• SUPPLIED DATA:
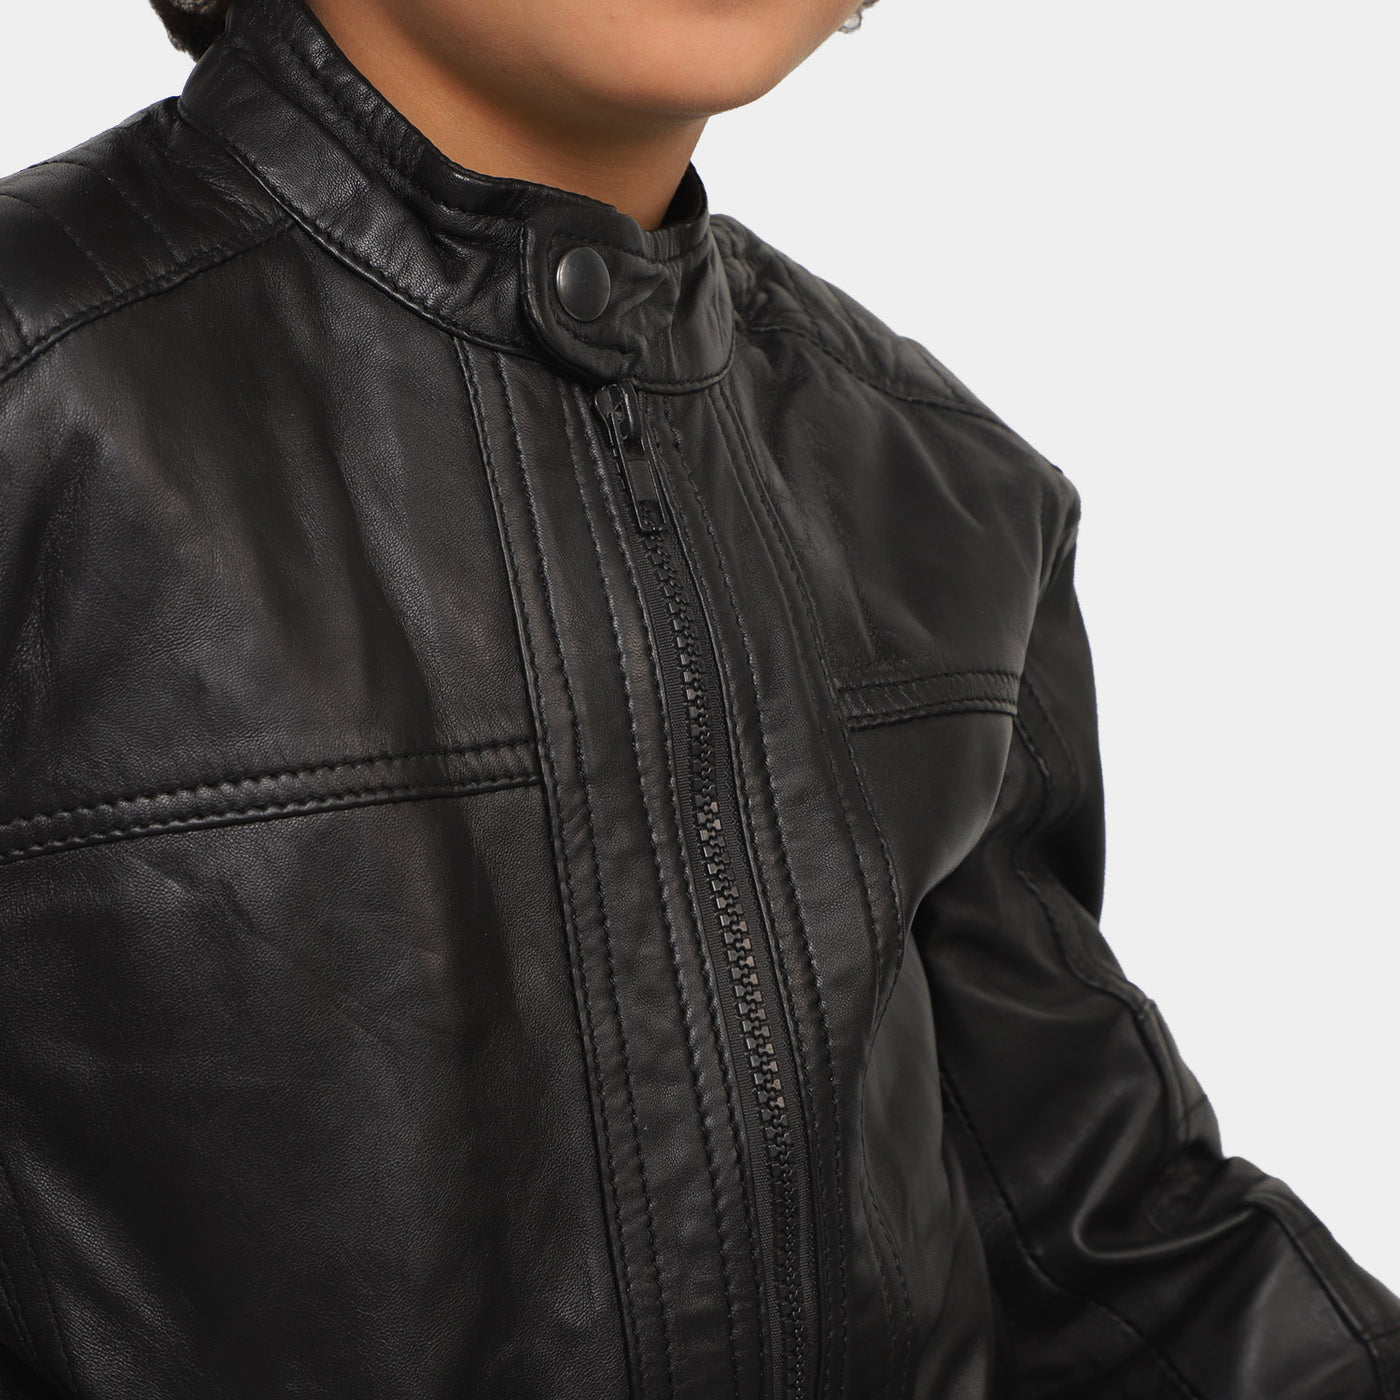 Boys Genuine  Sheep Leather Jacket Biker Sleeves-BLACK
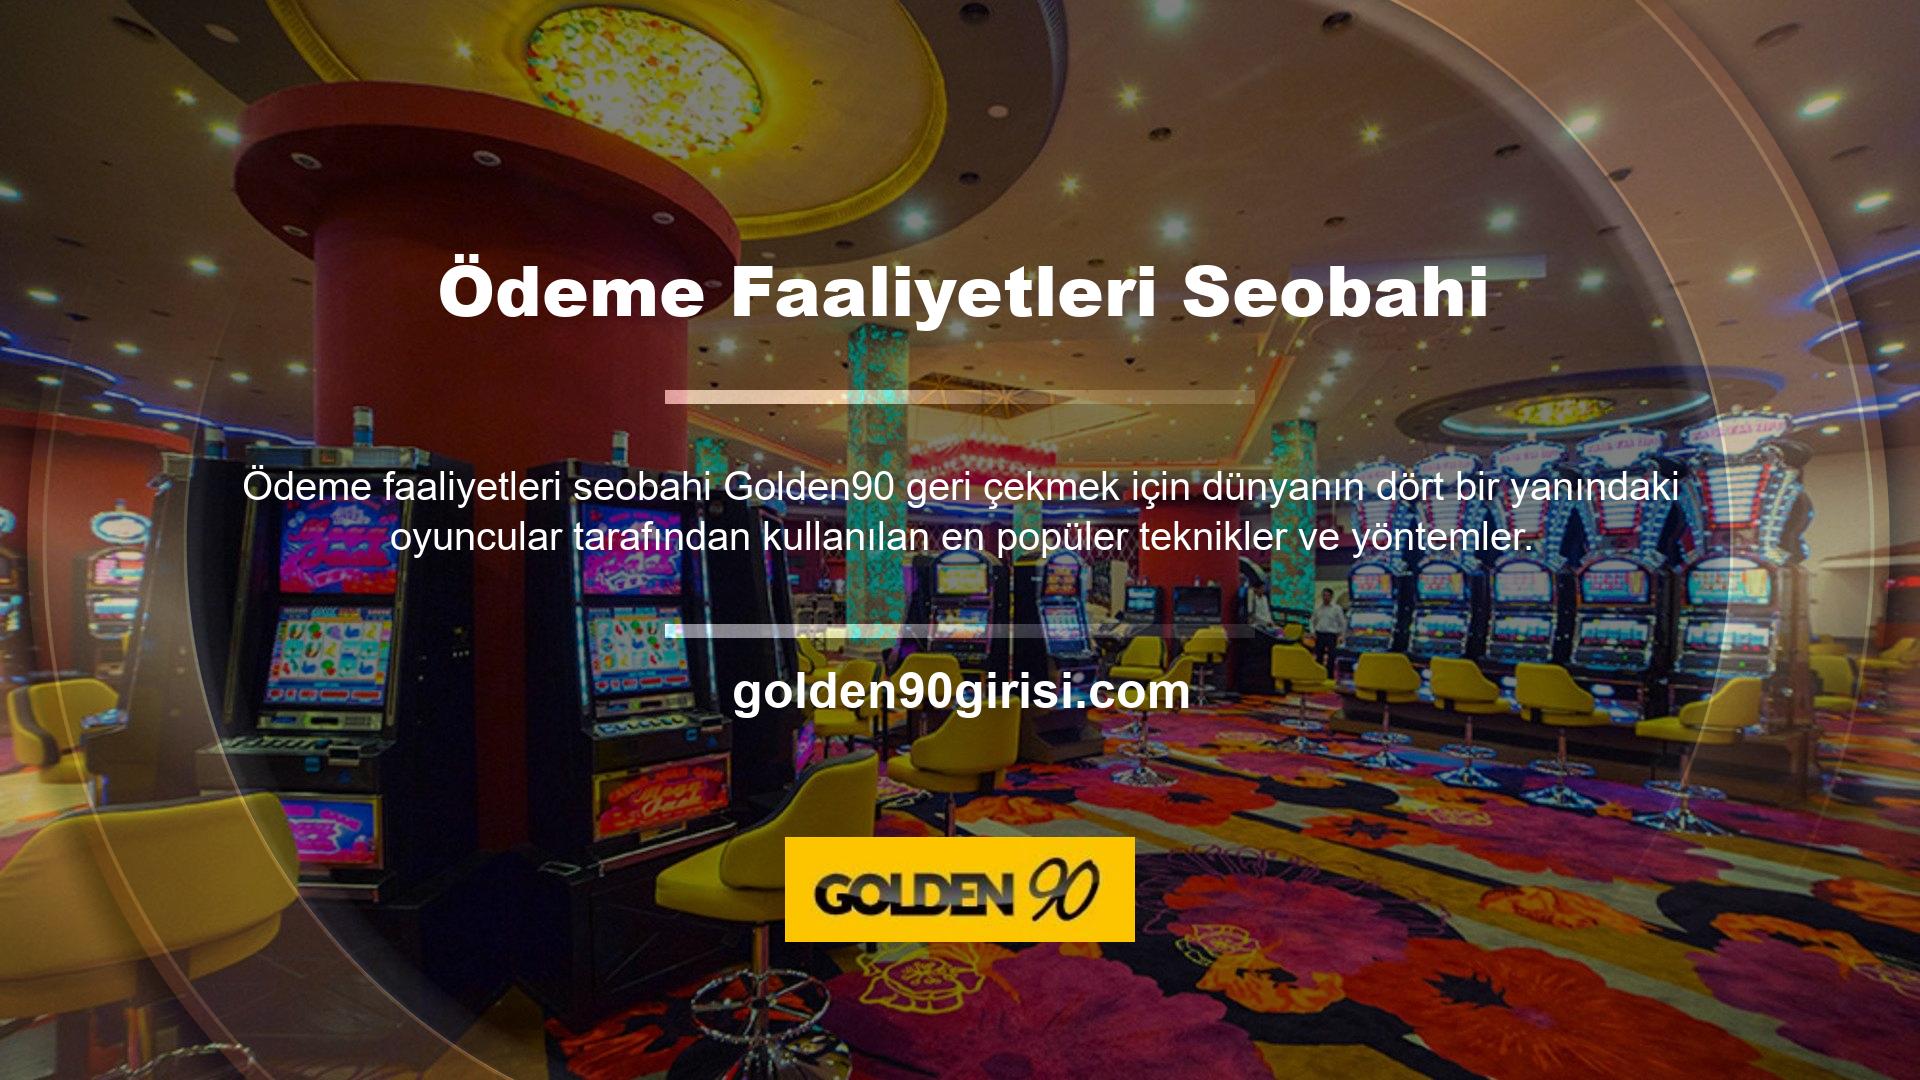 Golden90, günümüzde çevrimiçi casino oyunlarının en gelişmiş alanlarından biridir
...
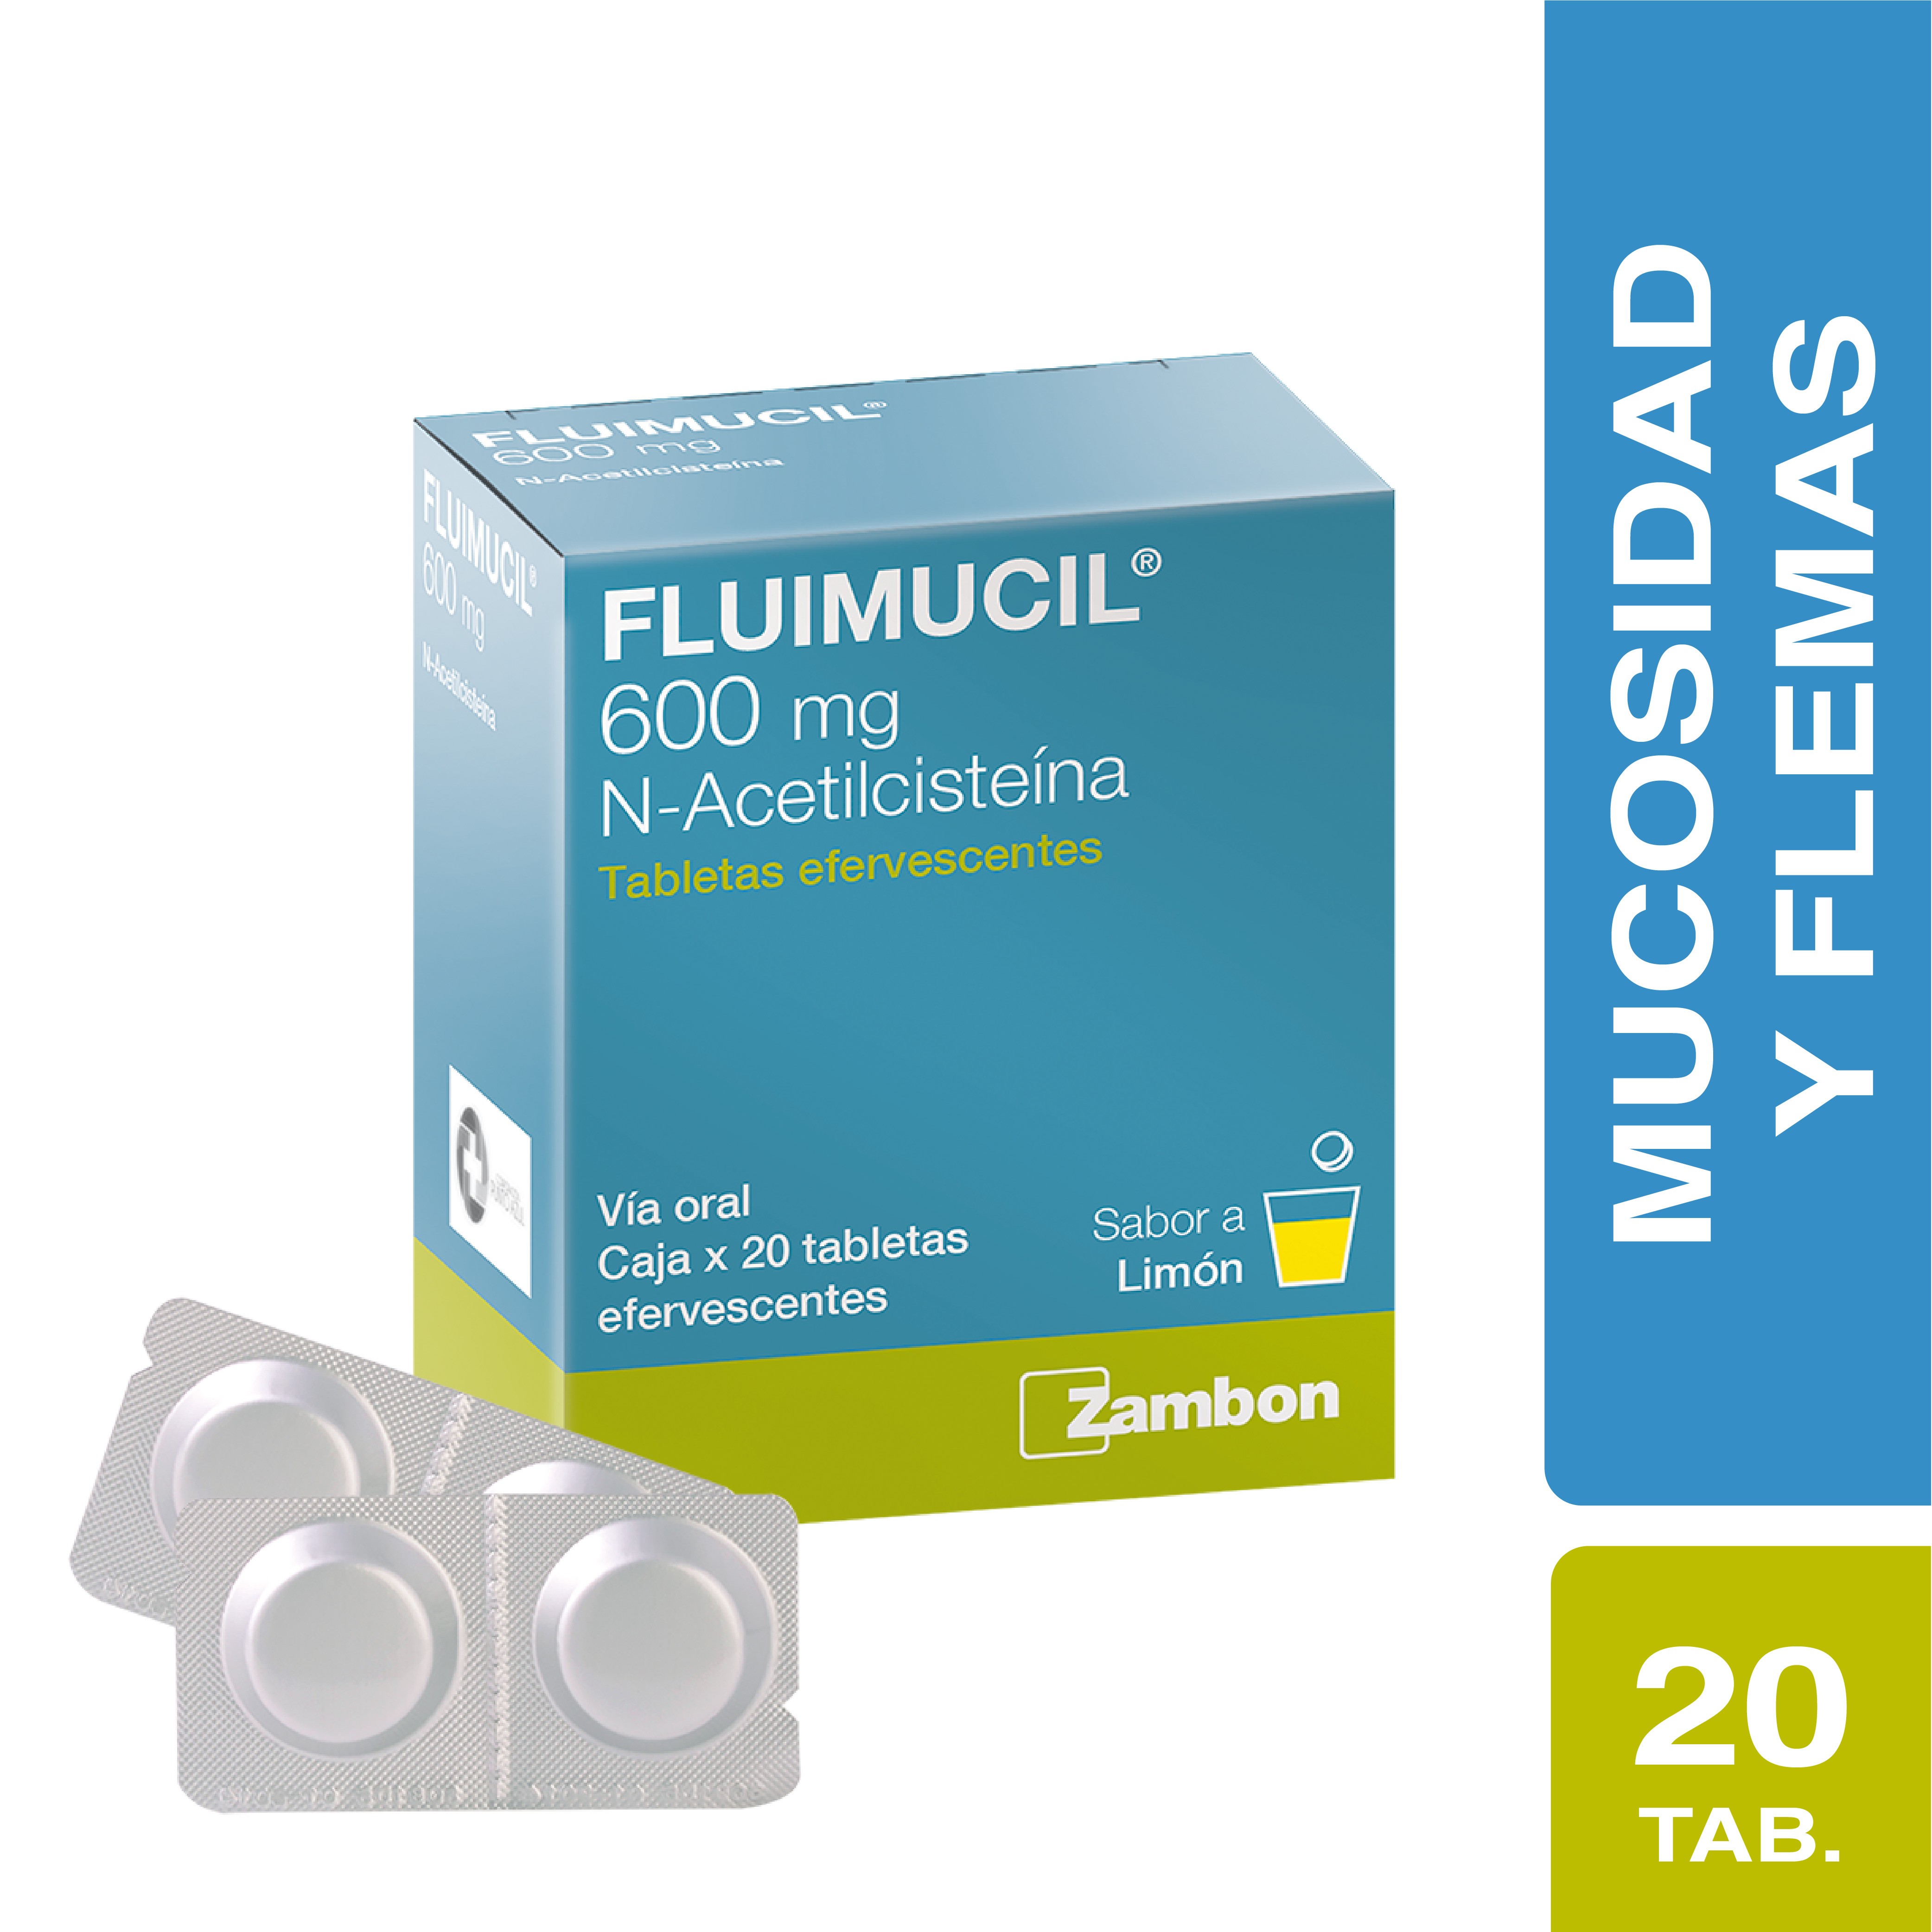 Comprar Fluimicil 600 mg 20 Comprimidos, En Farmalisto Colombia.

• WHAT THE TASK REQUIRES:
In the records above, find the line with "Jacket Biker Sleeves-BLACK" and the line with "Golden90, günümüzde çevrimiçi", then restate word for word only those two lines and all lines between, omitting pictures.

• EXPECTED ANSWER:
 Boys Genuine  Sheep Leather Jacket Biker Sleeves-BLACK
 Golden90, günümüzde çevrimiçi casino oyunlarının en gelişmiş alanlarından biridir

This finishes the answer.